Abstract. Tidal analysis and prediction are traditionally based on the harmonic decomposition of continuous water-level records. This limits the applicability to sparse, historical observations of high and low waters. Here, we adopt a high–low tidal analysis (HLTA) framework that directly models tidal extrema and their temporal modulation using lunar transit timing and astronomical forcing. Two formulations are explored: a long-period harmonic (LPH) approach and an empirical–astronomical (EA) representation. Application to tide-gauge data from the Western Scheldt demonstrates that HLTA predicts tidal extrema with accuracy comparable to harmonic analysis of 10-minute observations for water levels. Performance is also largely improved for the prediction of extrema timing, and bias is reduced. In contrast, harmonic analysis applied directly to high–low data performs poorly, not only due to aliasing, but also because of broad-scale dependencies between constituents introduced by sparse sampling.
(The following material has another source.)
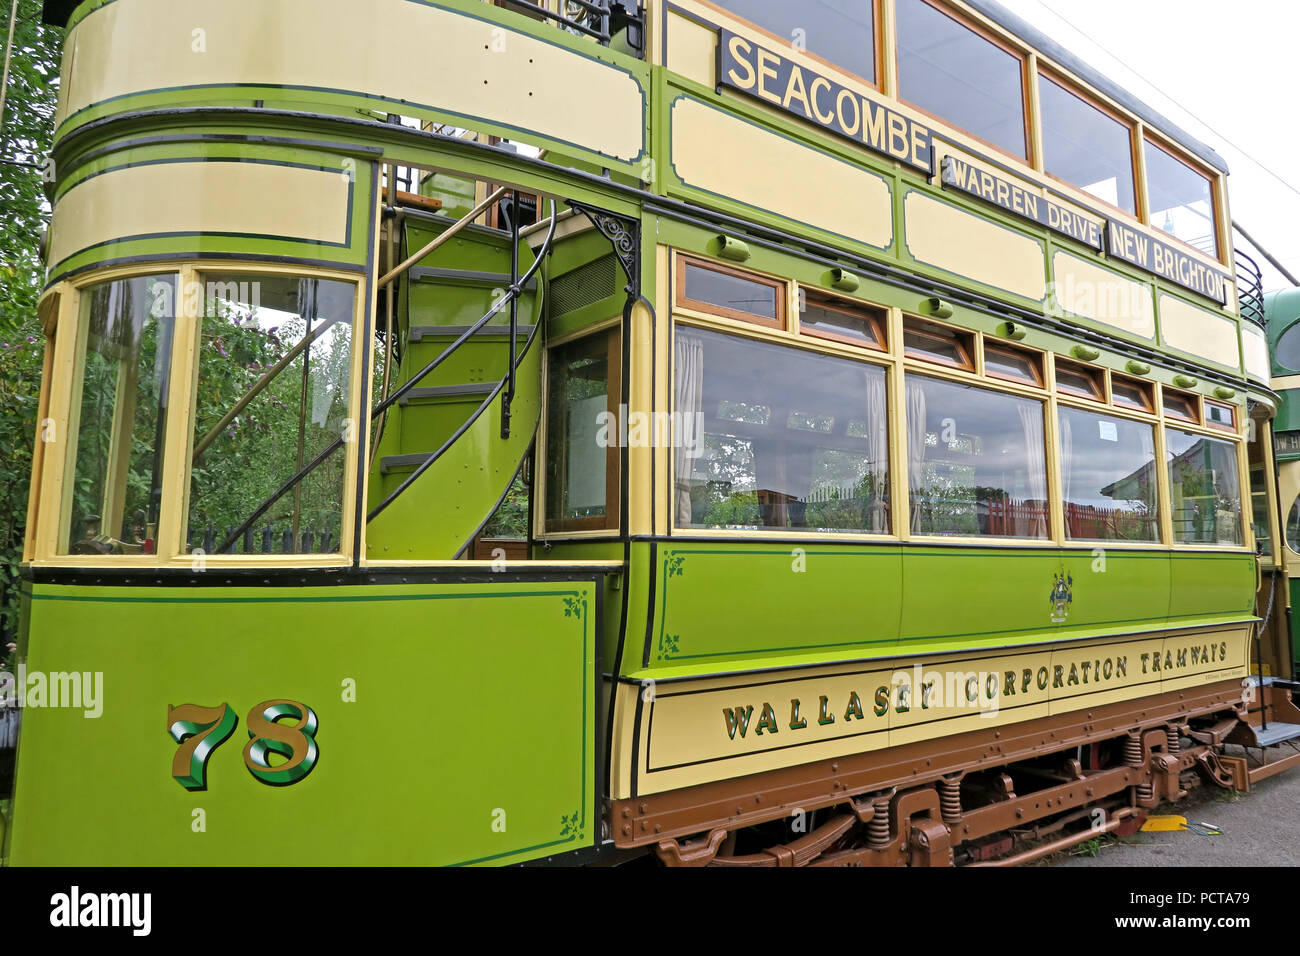 Wirral öffentliche Straßenbahn, Grün Creme 78 Seacombe Straßenbahn, Merseyside, North West England, Großbritannien Stockfoto
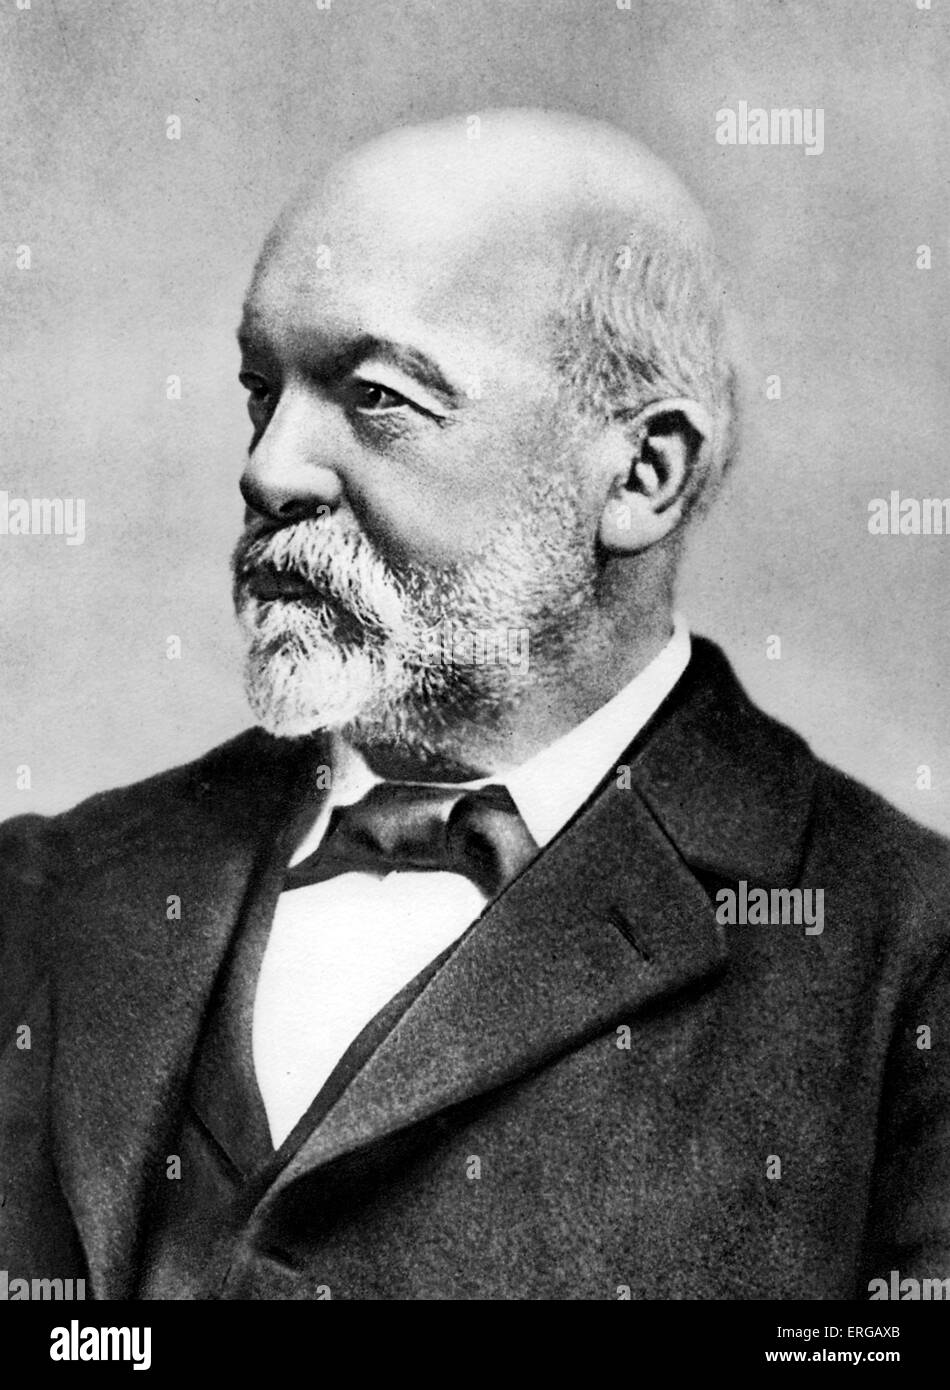 Gottlieb Daimler (17 mars 1834 - 6 mars 1900) -pionnier allemand des moteurs à combustion interne et le développement de l'automobile ; Banque D'Images

The HLTA framework is robust to observational errors and can be extended naturally to non-stationary conditions by incorporating, for example, river discharge. Coupled with simple interpolation, HLTA enables accurate reconstruction of the continuous tidal signal, matching or exceeding harmonic analysis on high-resolution data in shallow systems where the tidal wave is strongly distorted. These results demonstrate that accurate tidal reconstruction from high–low observations is feasible even in strongly distorted, shallow systems, with performance comparable to modern high-resolution analyses. This enables improved use of historical datasets for applications such as storm surge analysis, sea-level rise, and the analysis of changing tides, while also suggesting potential for improved modern tidal prediction in shallow and non-linear environments.